With the rise of the internet and the ability to google your symptoms many have been turning to self diagnosis but what really is it and why is important?
We’ve all heard about doctor google and how you probably shouldn’t just google symptoms as more often than not the internet will tell you that you are clearly dying of the plague, but why is it such a hot topic in the chronic illness community?
Self diagnosis is when a patient uses research to find information on a condition that best fits the symptoms they are experiencing. Often this happens because the patient either doesn’t have access to healthcare or they do but either due to discrimination or fear they are unable to seek professional care.
Well healthcare is the same. Someone’s financial status could mean they can’t pay for better doctors. They might live in a really poor area that doesn’t have a lot of health care funding or it might be down to personal biases the doctor treating them. This can include racism, transphobia, fat phobia and so much more.
To take racism as an example, we know that black people are given substantially less pain relief than their white counterparts. In fact one study examining pain management among patients with metastatic or recurrent cancer found that only 35% of racial minority patients received the appropriate prescriptions—as established by the World Health Organization guidelines—compared with 50% of nonminority patients.
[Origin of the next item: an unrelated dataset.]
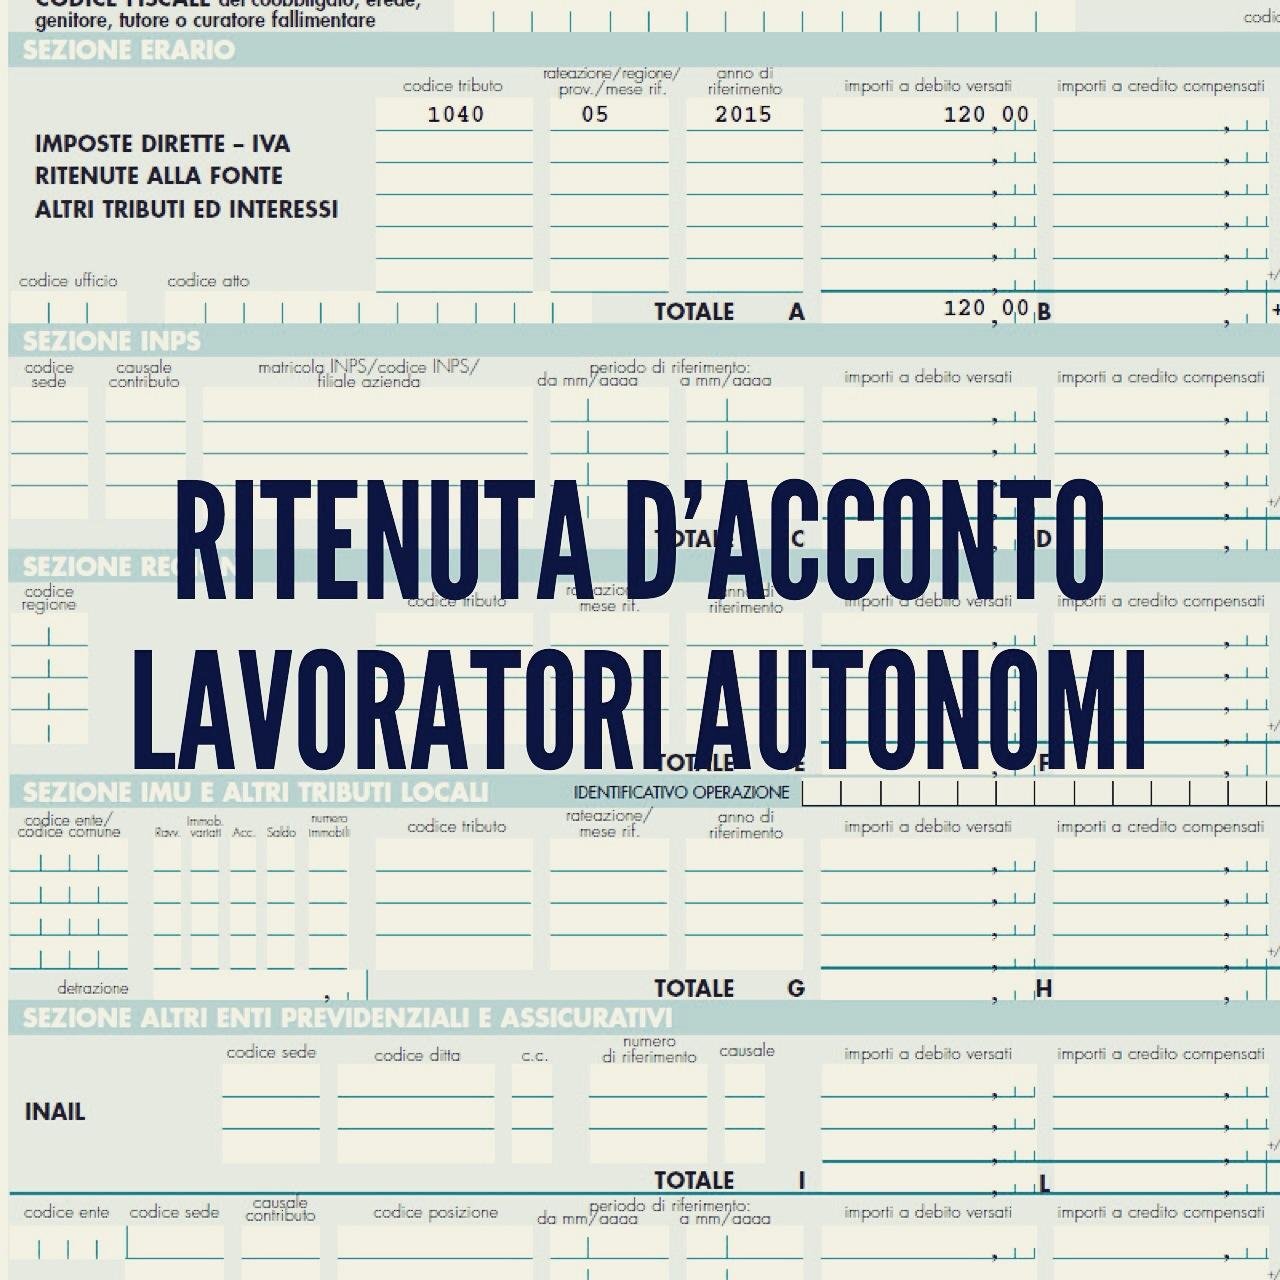 Célèbre Ritenuta d'acconto lavoratori autonomi - Studio Micera BY06

Then look at healthcare for transgender or non binary people. Their biggest barrier to care is actually the fact that very physicians are comfortable with understanding how their treatments may be affected by hormone therapy. There simply isn’t enough education or research done on this and most of the understanding of this barrier has come from transgender and non binary people self reporting the issue. i.e. transgender and non binary people have said to governing bodies ‘this is bull because no one understands the care we need’ and that’s all the research we have.
That is truly mind blowing but also incredibly common across the board. Basically if you are from a minority and seeking healthcare you a substantially less likely to actually receive the correct diagnosis or even treatment and the more minority groups you are a part of i.e. if you are a black transgender person it only gets even more complicated.
So now we know a bit more about the barriers to health care that people can face, let’s look at why the chronic illness community has an issue with self diagnosing.
Now we’ve talked about the kinds of barriers that patients face when getting a diagnosis or even accessing healthcare, let’s look at why some people in the chronic illness community get so worked up by this idea.
*cough cough* chronic illness fakers reddit *cough* (if you haven’t heard of this cesspit of a forum then don’t look it up. They spend their lives trying to out fakers and instead just abuse other spoonies.)
So some people in our community are very loud about the fact they don’t believe in self diagnosis and instead insist anyone who does use it are attention seekers or hypochondriac’s. And let’s be real about this, yes it is definitely better to be diagnosed by a professional. They are able to guide your treatment so much better and also prescribe medicines where necessary. But saying people can ONLY be diagnosed this way is ignoring the privilege that some people hold. As we spoke about above, health does not happen in a vacuum and there are many things that can be barriers to someone accessing healthcare.
Self diagnosis, can lead to proper treatment for people. It can also enable them to seek out professionals who specialise in the area so that they are able to get a full diagnosis. It can also help them suggest areas for their medical team to investigate. In short it can help you advocate for yourself when your medical team aren’t listening.
To condemn self diagnosis on the basis that a select few might abuse it, is one of the largest issues we have in this community. We cannot on one hand talk about the length it takes chronically ill people to get diagnosed (5-10 years) and on the other condemn people for looking for answers. Especially when we are condemning them without even factoring in the very real and difficult barriers to healthcare.
Until there is a shift in the way we treat people who are marginalized by the system we must accept self diagnosis is not only valid but necessary.